• **Assigned task**
Verbatim output, no pictures: the lines from the beginning of the material through the line with "Soldier With The", both ends kept.
Segment Start: Dataset section
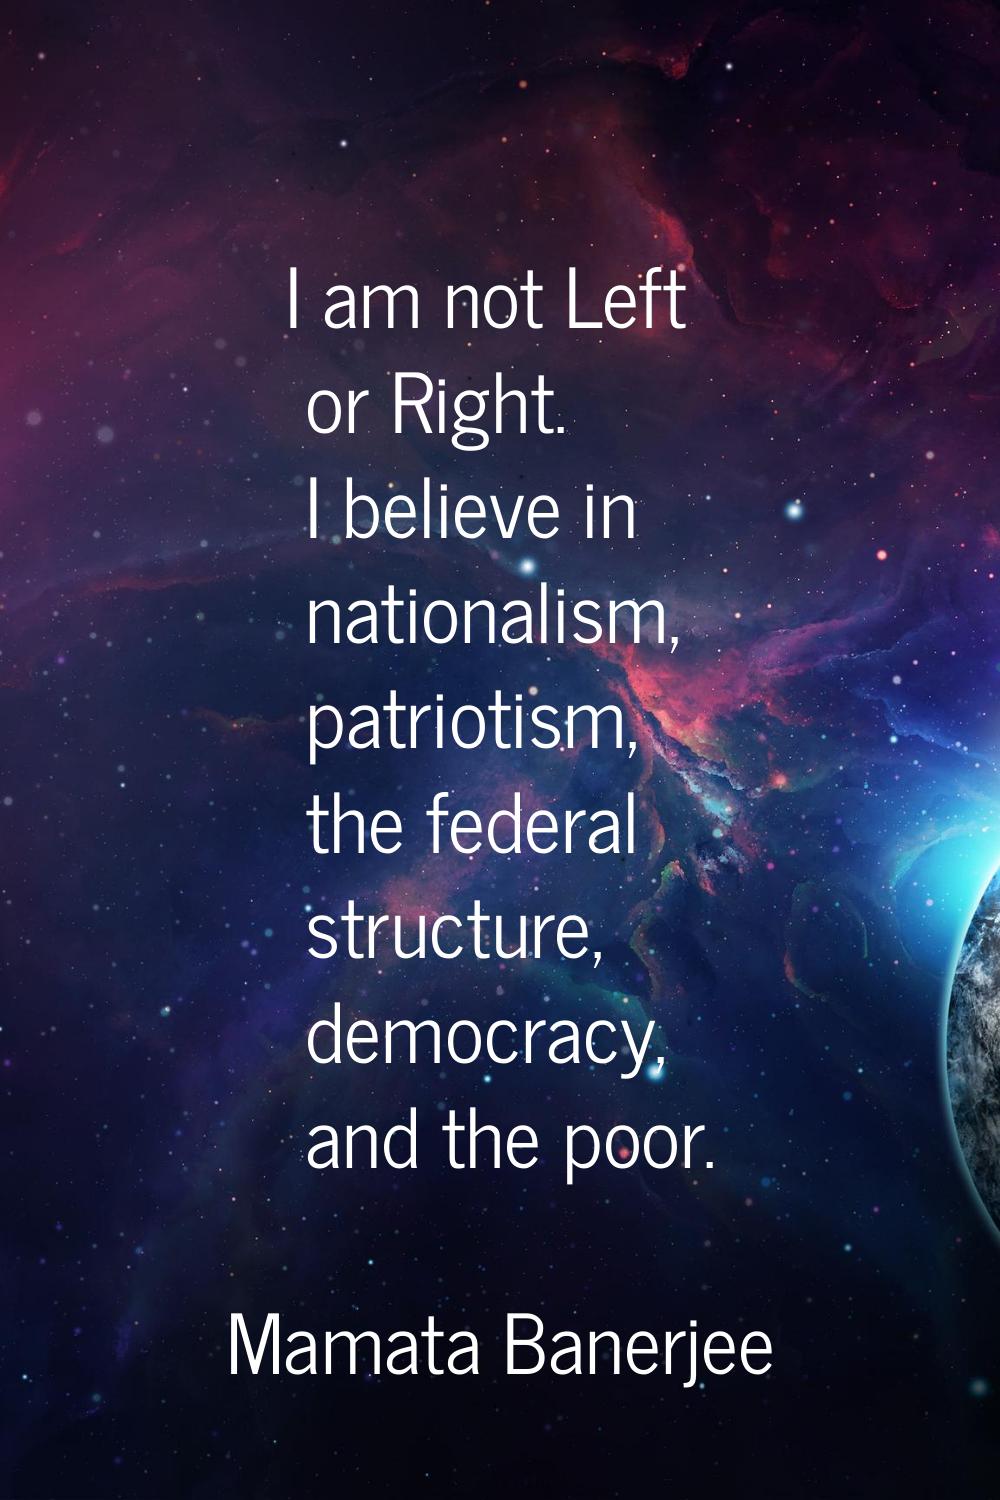 I am not Left or Right. I believe in nationalism, patriotism, the federal structure, democracy, and
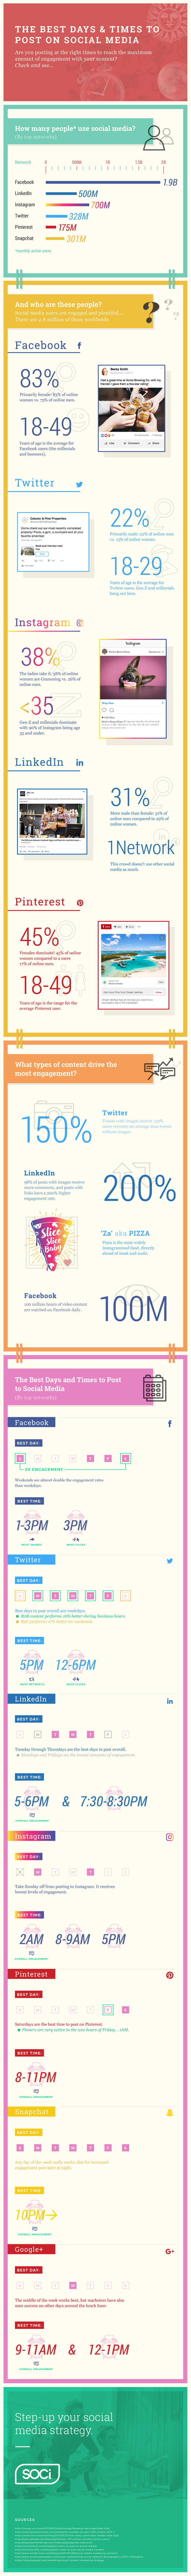 best days and times to post to social media infographic
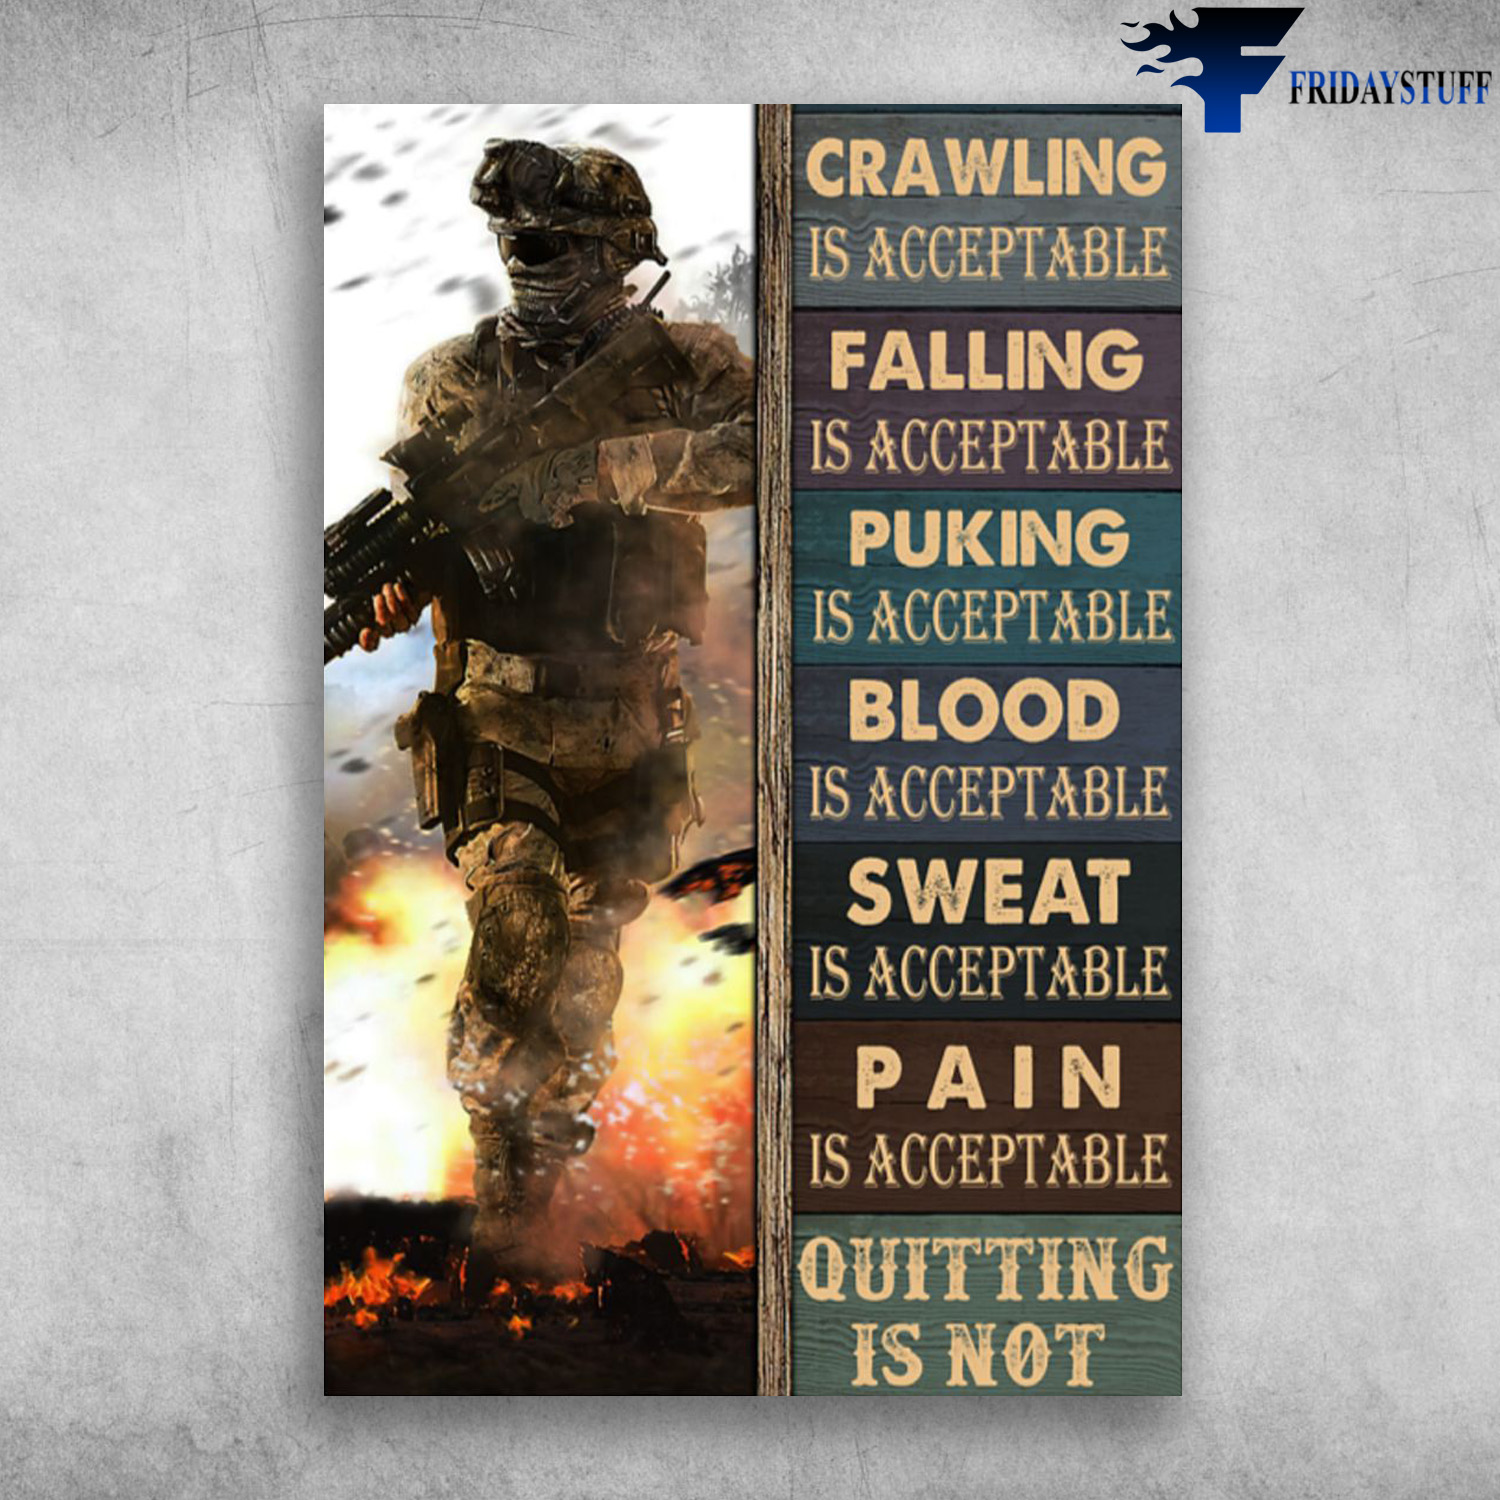 Soldier With The Gun - Crawling Is Acceptable, Falling Is Acceptable, Blood Is Acceptable, Sweat Is Acceptable, Pain Is Acceptable, Quitting Is Not
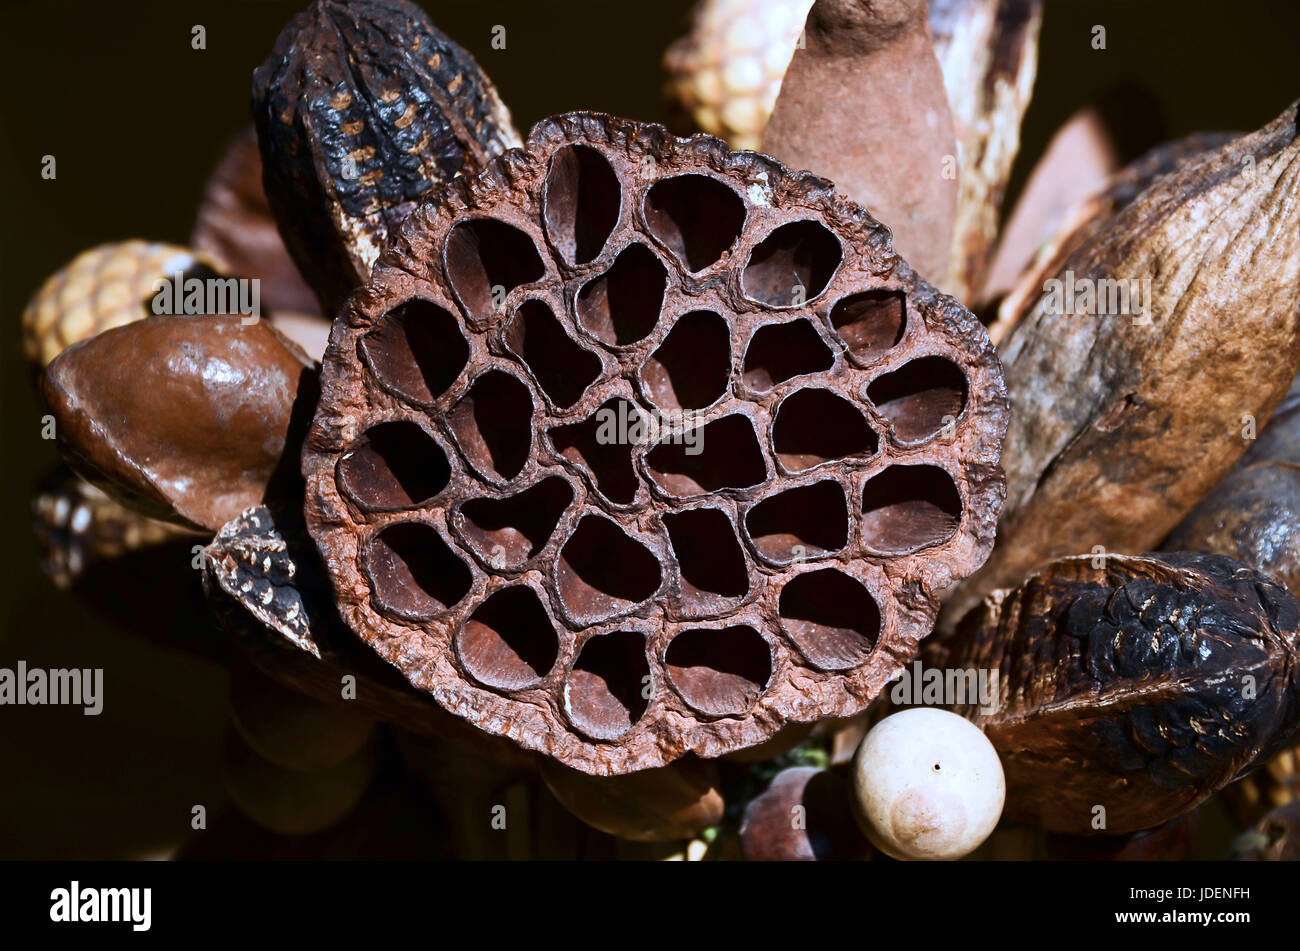 Lotus flower seed pod, dry out, in sun light Stock Photo
Segment End: Dataset section
• **Written response**
 I am not Left or Right. I believe in nationalism, patriotism, the federal structure, democracy, and
 best days and times to post to social media infographic
 Soldier With The Gun - Crawling Is Acceptable, Falling Is Acceptable, Blood Is Acceptable, Sweat Is Acceptable, Pain Is Acceptable, Quitting Is Not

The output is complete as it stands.